- Born: Samuel Frederick Coffman June 11, 1872 Ruskville, Virginia, USA
- Died: June 28, 1954 (aged 82) Vineland, Ontario, Canada
- Education: Moody Bible Institute, Chicago, 1894-95, 1897-98
- Occupation(s): Mennonite minister, bishop, churchman, 1895-54; pastor, Moyer Mennonite Church, Vineland, 1901-54; teacher and principal, Ontario Mennonite Bible School, 1907-47

= Samuel Coffman =

Canadian minister

Samuel Frederick Coffman (11 June 1872 - 28 June 1954) was a Canadian minister, writer and pacifist.

In 1918 he helped organize the Non-Resistant Relief Organization (NRRO), involving all Amish, Mennonite, and Brethren-in-Christ groups then in Ontario. Coffman represented these peace groups in lobbying the Canadian government for exemption from military service during World War I. "He received a sympathetic hearing from many public officials largely because of his own judicious attitude and the general trust he put in the government." Coffman assisted in obtaining releases for imprisoned Amish and Brethren in Christ members, and as a more permanent solution he later arranged that conscientious objectors be given indefinite leaves of absence from active duty.

In the 1930s, Coffman helped to create the Conference of Historic Peace Churches.
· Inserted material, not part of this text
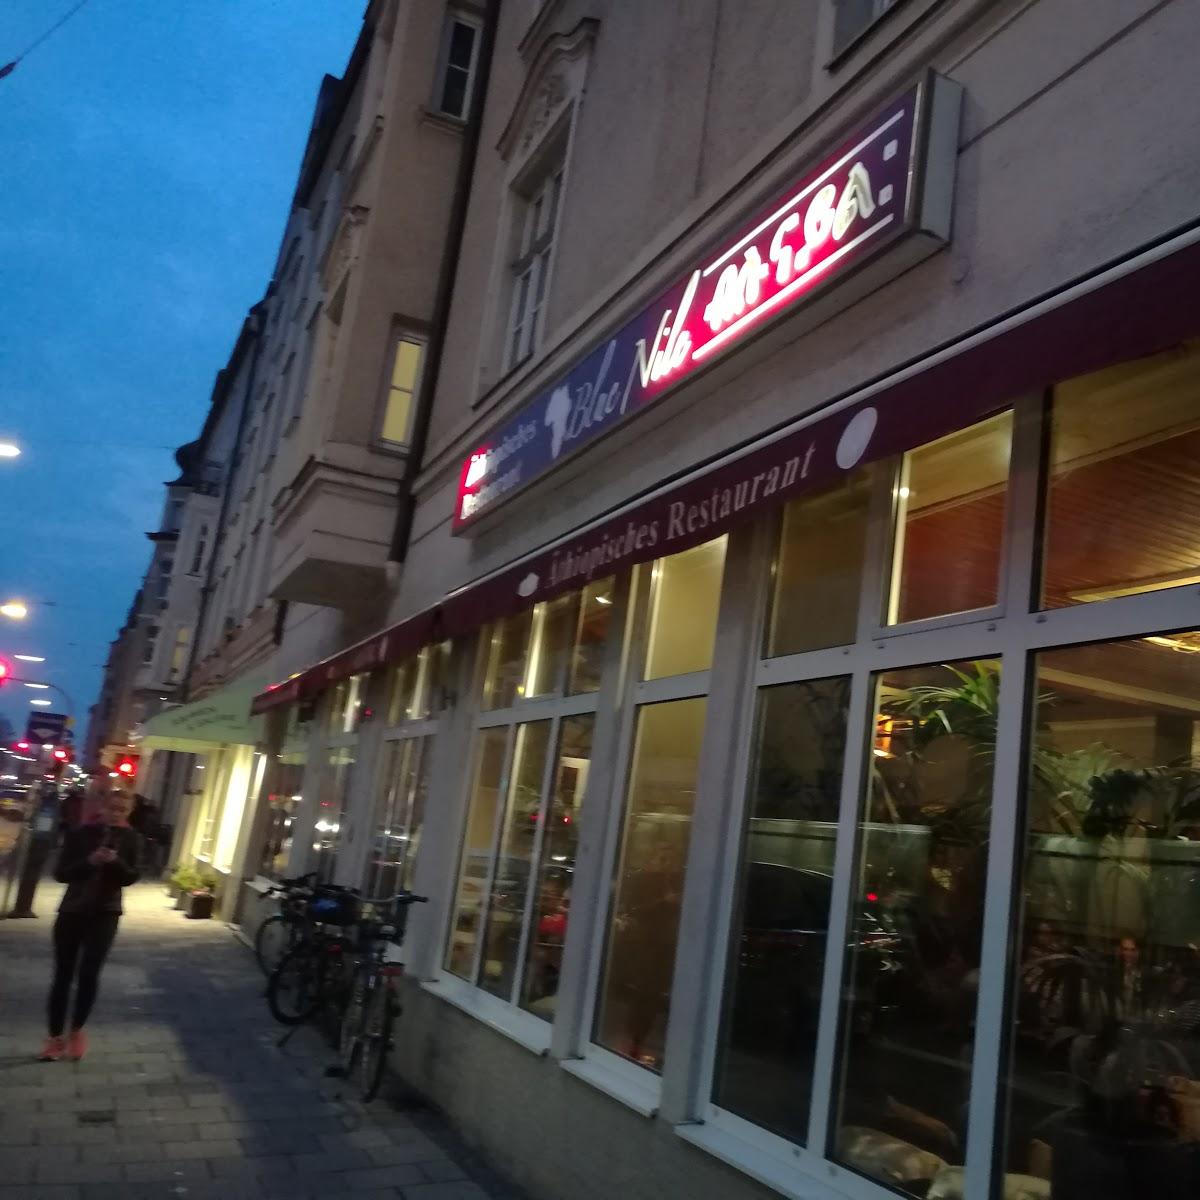 Restaurant "Blue Nile" in München

Out of his peace conviction grew the belief that the peace churches should assist in the relief of wounds caused by war:

"Throughout the years 1918-50, Coffman organized, through NRRO, the distribution of relief funds and materials to aid the victims of war. For him, relief work was the social dimension to the peace doctrine of nonresistance. Coffman interpreted the peace position to include not only resistance to war, but also a commitment to acts of love."